Genomic hacker toolkit

What do we know about human genomes after The Human Genome project?

During the project we obtained a very long string of DNA bases that look like this:

It is 3,554,996,726 bases long and is divided into 25 parts, called chromosomes. Over time, the reference genome has become more precise, so today scientists use its 38th version. This long string can be downloaded from a database and it is an averaged human genome, so there is no other person on the Earth having a similar genome. In that long string there are special areas, they are called genes and occupy about 2% of the entire genome.

What are genes?

Why are those 2% coding genes so special? DNA is just a carrier of information and all actions in cells are produced by proteins that are encoded by genes. So, 98% of genomes are regulatory patterns or sometimes repeats. This does not mean that they are less important, but we don’t know yet what their function is.

Individual genome variability — what is it and how do we measure it?

We are all genetically different. The most common source of human variation is single nucleotide polymorphism. It means that one letter in our genome string differs from the letter in the same position of the reference genome. In the latest database there are 88,111,767 polymorphisms that are common in the population, which means that on average each 40th letter in your genome can be different from the reference. Why do we know this? It’s because we can read individual genomes during different sequencing projects, and compare them to the reference. There are different techniques that allow us to get information about an individual’s genomic features. In this paper we are focusing on the most modern technique called next generation sequencing.

Sequencing — what does it mean?

Sequencing is a process of reading biopolymers of DNA using physicochemical methods. We can get DNA from almost any human cell. While we keep the sample clean we are acquiring information about an individual’s DNA. Modern techniques don’t allow us to read the whole genome at once due technical limitations. Instead, we are only able to read many short lines (150–200 nucleotides) that belong to the genome of the individual. Modern sequencing machines produce hundreds of millions of such short lines each time it sequences an individual. But as they output we get a text file that weights several tens of gigabytes. Here is where bioinformatics and high performance computing comes in.

How does bioinformatics works with sequencing data ?

There are several steps:

  • Filter out short lines of individual genome sequences. Not all lines are high quality; some of them are simple junk so we filter them out.
  • Map short lines to reference genomes. It’s the most computationally heavy task. Imagine — we need to find a 200 letter line in a 3.5 billion letter long book and we have hundred of millions of such lines. One more thing: because our sequenced individual has its own genome polymorphisms (remember those SNPs), those lines can differ from the reference by several letters.
  • Calling individual variants and create a file that contains only differences from the reference genome.

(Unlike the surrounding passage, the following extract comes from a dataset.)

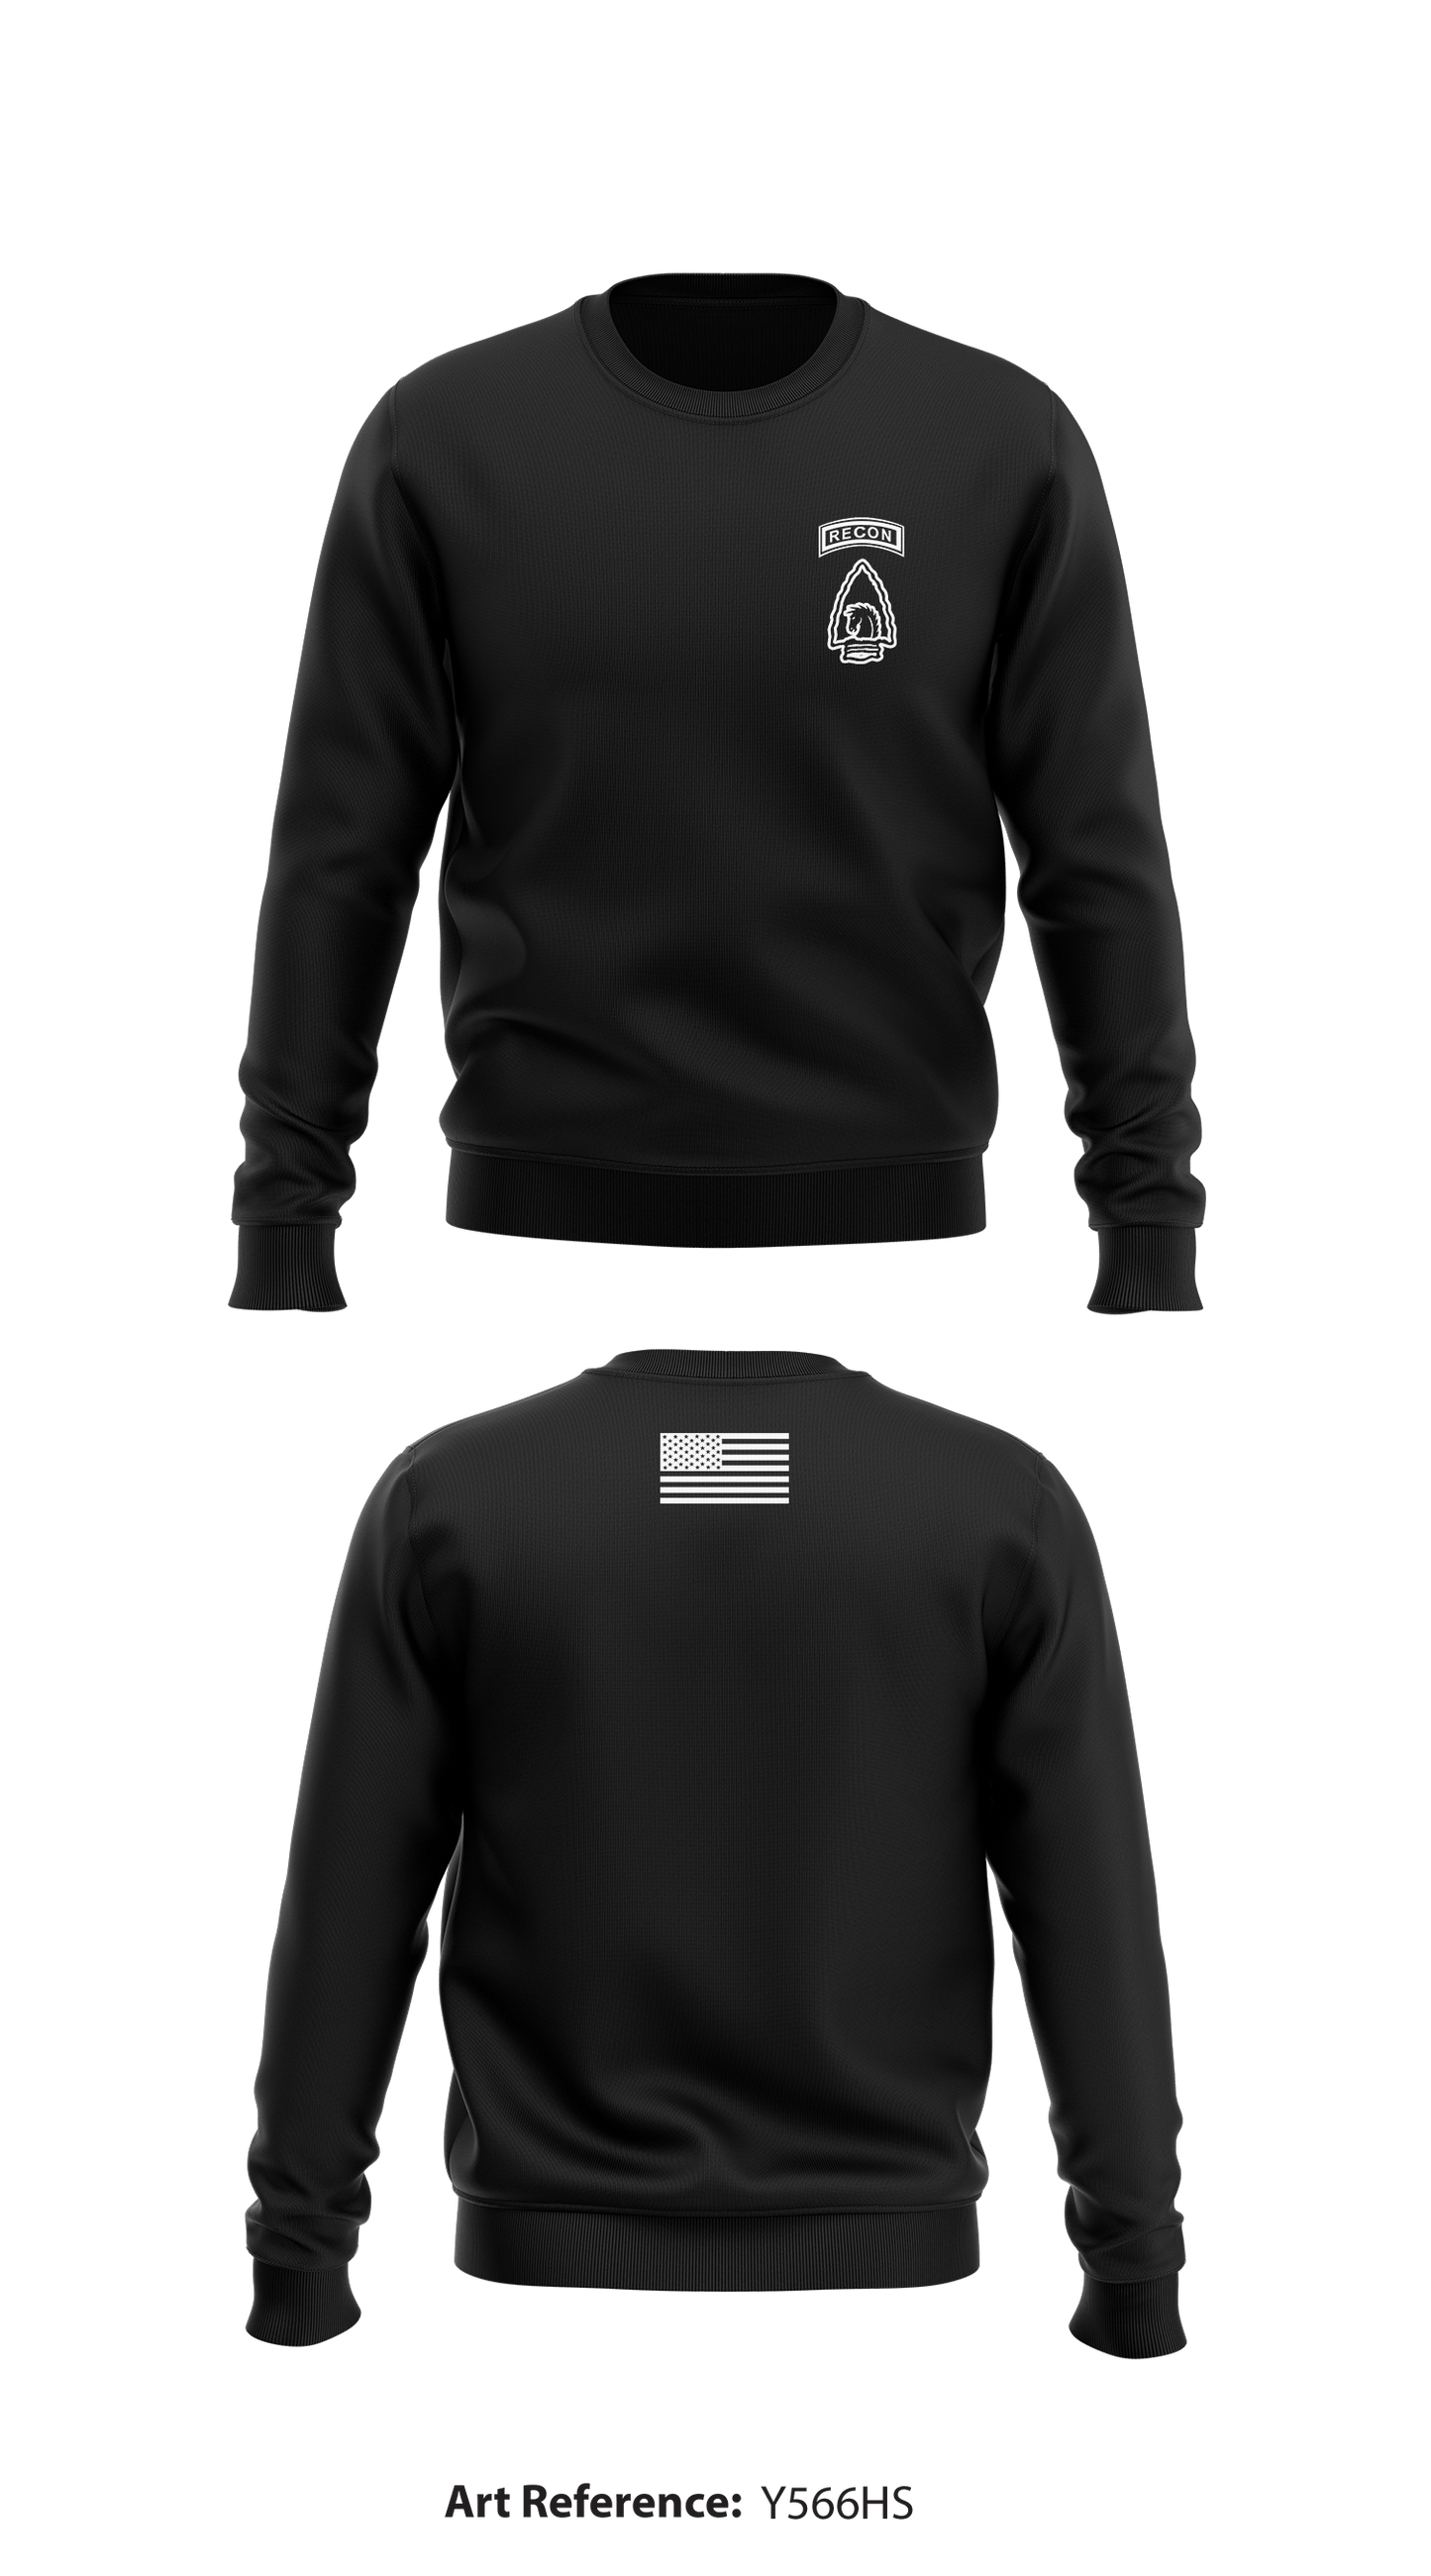 B Troop 1-73 CAV Store 1 Core Men's Crewneck Performance Sweatshirt - y566hS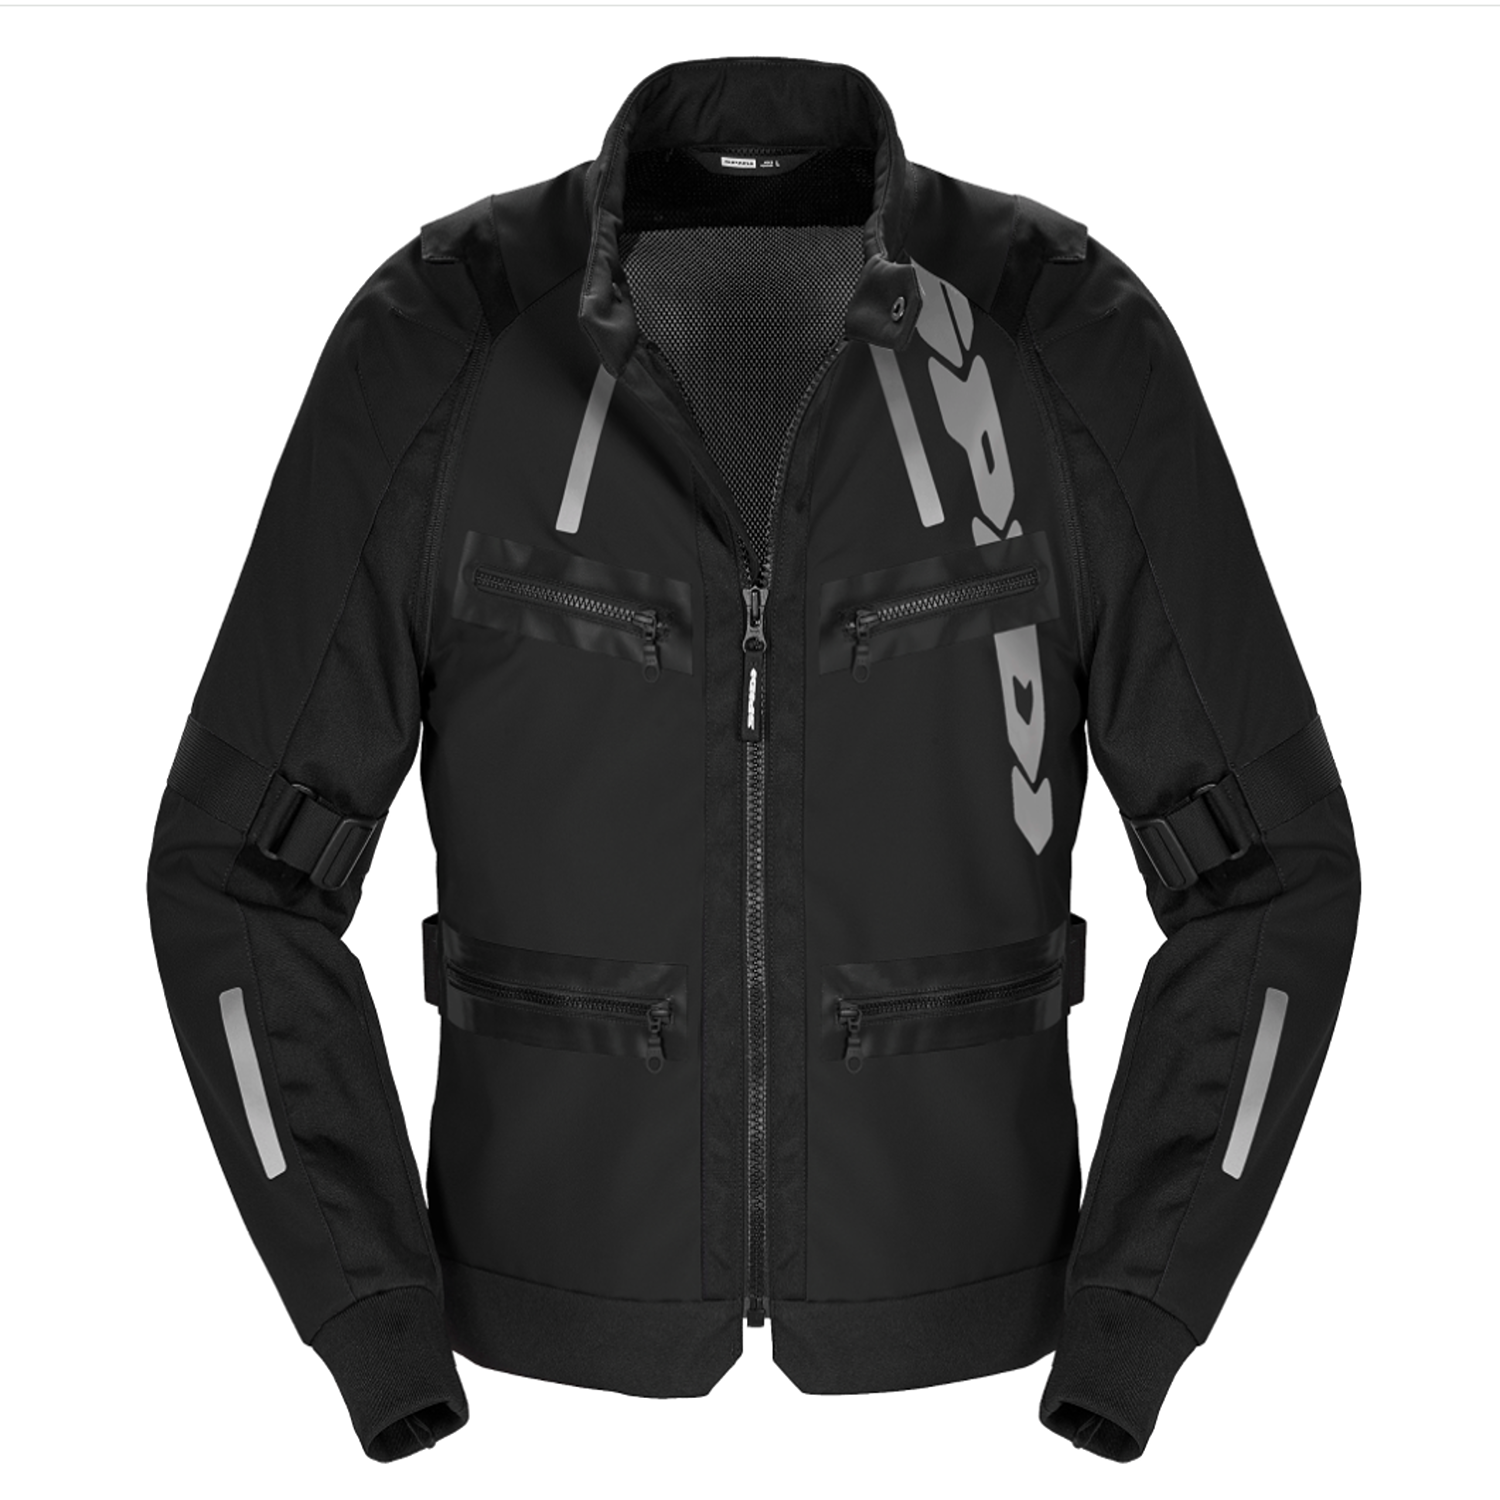 Image of Spidi Enduro Pro Jacket Black Size L ID 8030161485011

This file is the shortest representation of an individual’s genomic uniqueness.

Here you can see a real sample and a small part of a genome containing the CPM gene shown in genome browser. Grey lines are genome lines that were sequenced in a sample individual and aligned to the reference genome. In the centre we can see that one letter differs in this individual genome, compared to the reference G vs. A in refenece.

What do we do with those differences?

When we know what is in an individual’s genome, we can do many interesting things using knowledge from scientific research:

  • Find if the human is a carrier of inherited diseases.
  • Find out what are the individual’s predisposition to widespread diseases. For example, will this individual be more likely than others in the same population to be affected by diabetes, macular degeneration or atherosclerosis?
  • Detect the immunohistocompatibility complex type that can be used for transplantation.
  • Find genomic features that are unique for that human being.
  • Get individual dietary and lifestyle recommendations.
  • Reconstruct the appearance of the individual without any photos.
  • Find the most likely country of origin of the individual.

If we want to do new research, we can collect data about the individual and as well as other genomic data and do association analysis to find new scientific or technological knowledge. For example, how likely an individual with such a genome will like or dislike a certain food.

What is the place of the Zenome Platform in this process?

Right now, all that has been described can be done only by centralized services. While you can get an interesting report about your genetics, you also give away all the information about your genomes to that company and they can then use it at their own discretion…collect database information, sell your data to big pharma companies or other consumer companies. The Zenome platform team creates the market for genomic data, where you are the only owner of your genome. Raw data can be uploaded and processed fast and securely using distributed networks and after processing, your genomic data is stored privately. You can then obtain any genetic-based services that you wish, such as health reports, dating services, etc. If desired, you can also take part in research or profit from your genomic information. Scientific communities will be able to get more statistical genome information that will help with studying population structures and this can help detect what is the ‘norm’ for human genomes.